Note: If your input data have few spectral channels, it may be necessary to pad additional channels of zeros onto the data. Otherwise the 1/e level may not be reached. This should not have a significant effect on the results, as the added eigenvalues of these channels will be zero and should not be considered.

Finally, we fit the size-line width relation. There is no clear independent variable to fit, and significant errors in both dimensions which must be taken into account. This is the error-in-variables problem, and an excellent explanation is provided in Hogg, Bovy & Lang 2010. The Brunt & Heyer works have used the bisector method. In TurbuStat, two fitting methods are available: Orthogonal Distance Regression (ODR), and a Markov Chain Monte Carlo (MCMC) method. Practically both methods are doing the same thing, but the MCMC provides a direct sampling (assuming uniform priors). The MCMC method requires the emcee package to be installed.

To run ODR:

>>> pca.fit_plaw(fit_method='odr', verbose=True)  # doctest: +SKIP
../../_images/pca_design4_plaw_odr.png

And to run the MCMC:

>>> pca.fit_plaw(fit_method='bayes', verbose=True)  # doctest: +SKIP
../../_images/pca_design4_plaw_mcmc.png

Additional arguments for setting the chain properties can be passed as well. See documentation for bayes_linear.

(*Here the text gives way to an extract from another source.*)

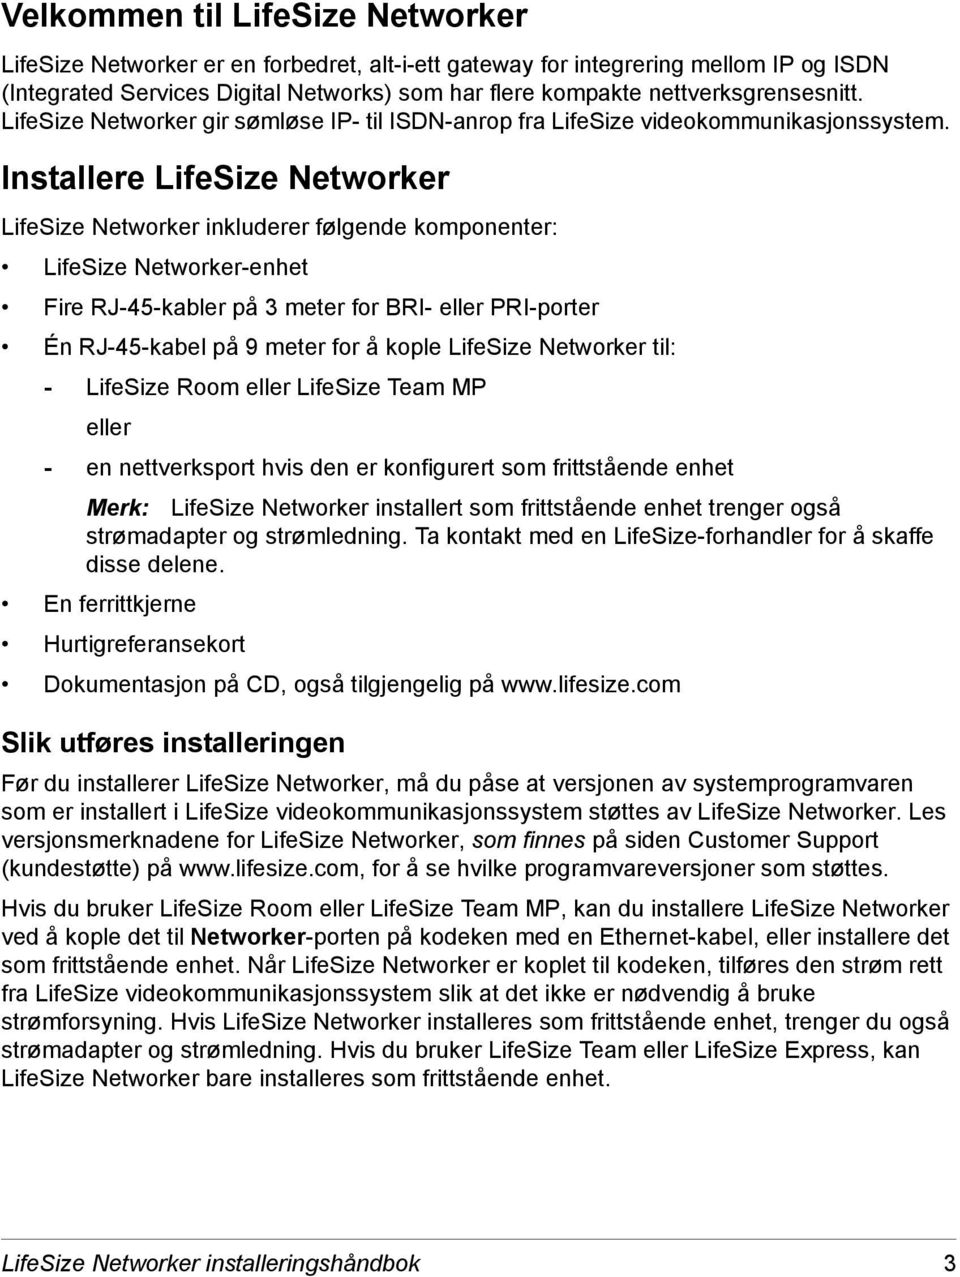 Installere LifeSize Networker LifeSize Networker inkluderer følgende komponenter: LifeSize Networker-enhet Fire RJ-45-kabler på 3 meter for BRI- eller PRI-porter Én RJ-45-kabel på 9 meter for å kople

The verbose mode shows the fit results along with the data points.

The interesting outputs from this analysis are estimates of the slopes of the size-line width relation (\(\gamma\)) and the sonic length:

>>> pca.gamma  # doctest: +SKIP
0.897
>>> pca.sonic_length(T_k=10 * u.K, mu=1.36, unit=u.pc)  # doctest: +SKIP
(<Quantity 0.10021154 pc>, <Quantity [0.09024886, 0.111332  ] pc>)

Sonic length is defined as the length at which the fitted line intersects the sounds speed (temperature can be specified with T_k above). Since the sonic length depends on temperature and \(\mu\), this is a function and not a property like \(\gamma\). PCA.sonic_length also returns the 1-sigma error bounds. The error bounds in \(\gamma\) can be accessed with PCA.gamma_error_range.